But here is the first important difference between Law and technology. The former cannot be falsified, in the Popperian sense.
There are four reasons to account for this shortcoming:
Thus, I am forced to conclude that technology is the embodiment of the laws of nature is a rigorous manner subjected to the scientific method - while the law is the abstract construct of the laws of human and social psychology which cannot be tested scientifically. While the Law and technology are structurally and functionally similar and have many things in common (see the list above) - they diverge when it comes to the formation of hypotheses and their falsifiability.
Ciao,
Sam
Hi, Sam
Fortunately recovered from my technological injuries (computer´s malaise) and its blind laws and we can go on with our dialogue.

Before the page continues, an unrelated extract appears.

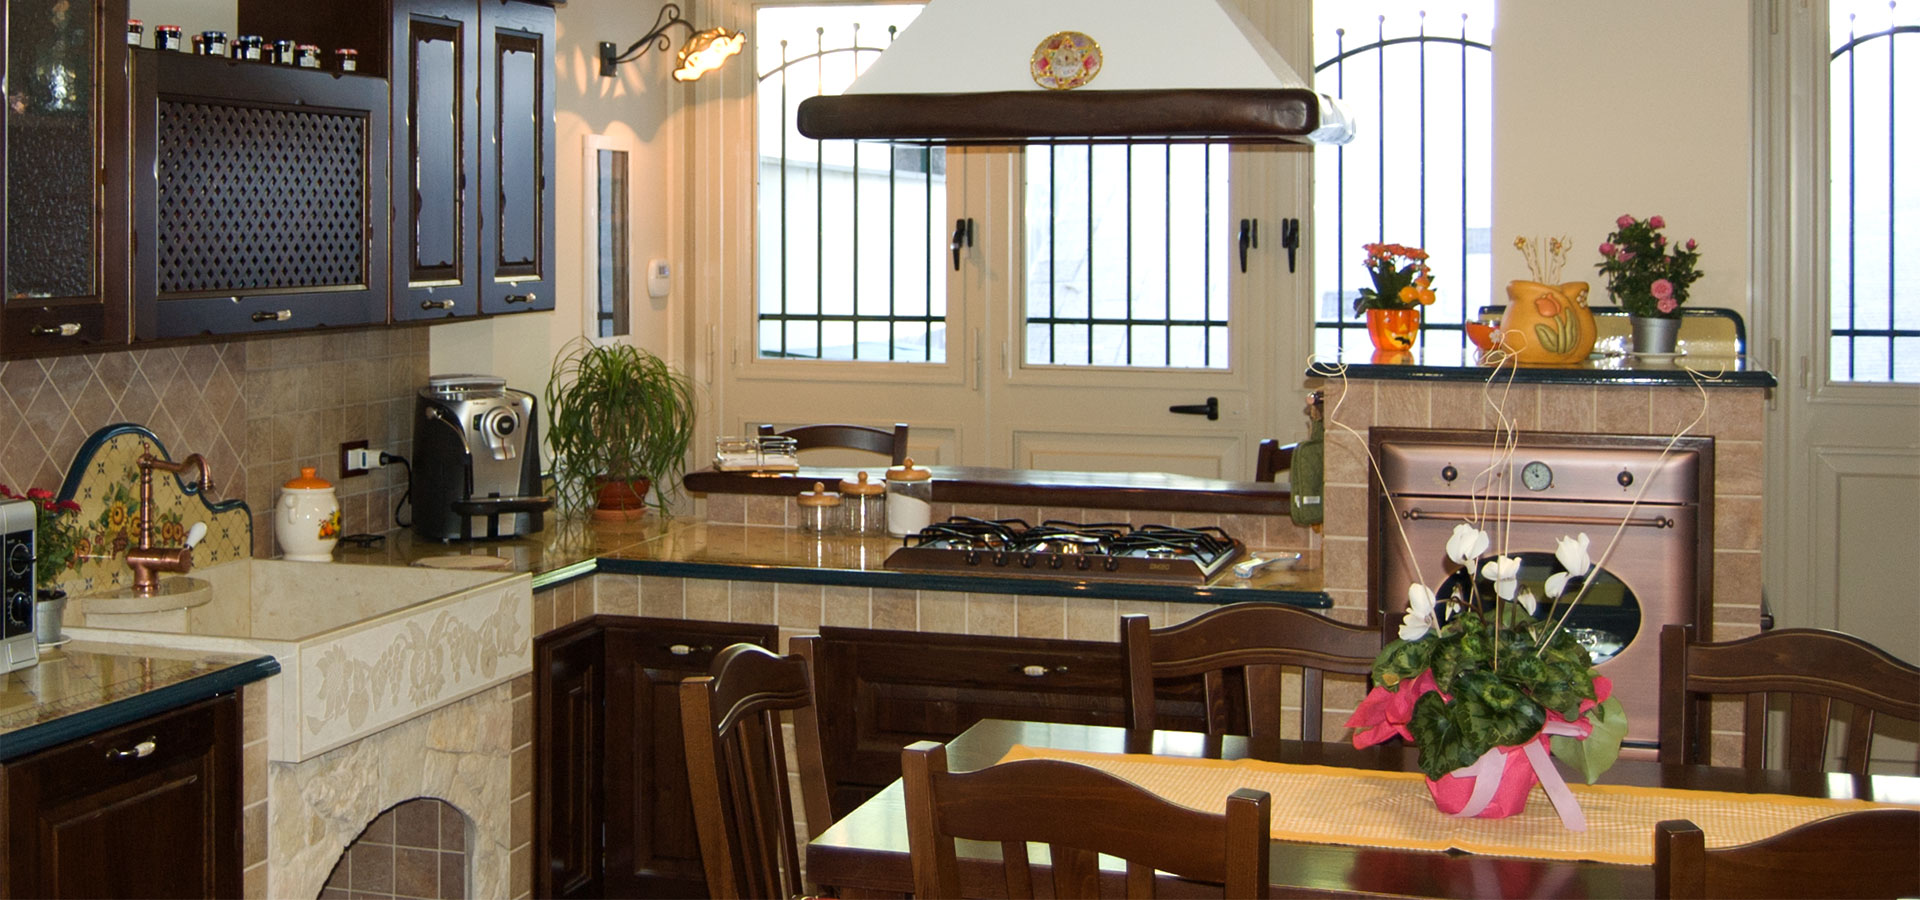 Cucine Borgo Antico: Cucine in legno massello | Modello Borgo Antico

By the way, I have to say that interactive work is one of the best achievements of technology. Your exposition of "the quasi-identity of law and technology" cleared a blind spot in my vision. I was so focused on the contradictions that I couldn't see the similarities. And so it is. This is evident in warfare, for instance, where each new weapon (the Huns' step and powder are great examples) induces new rules of war (where is the Clausewitz of the nuclear chessboard?!:-))).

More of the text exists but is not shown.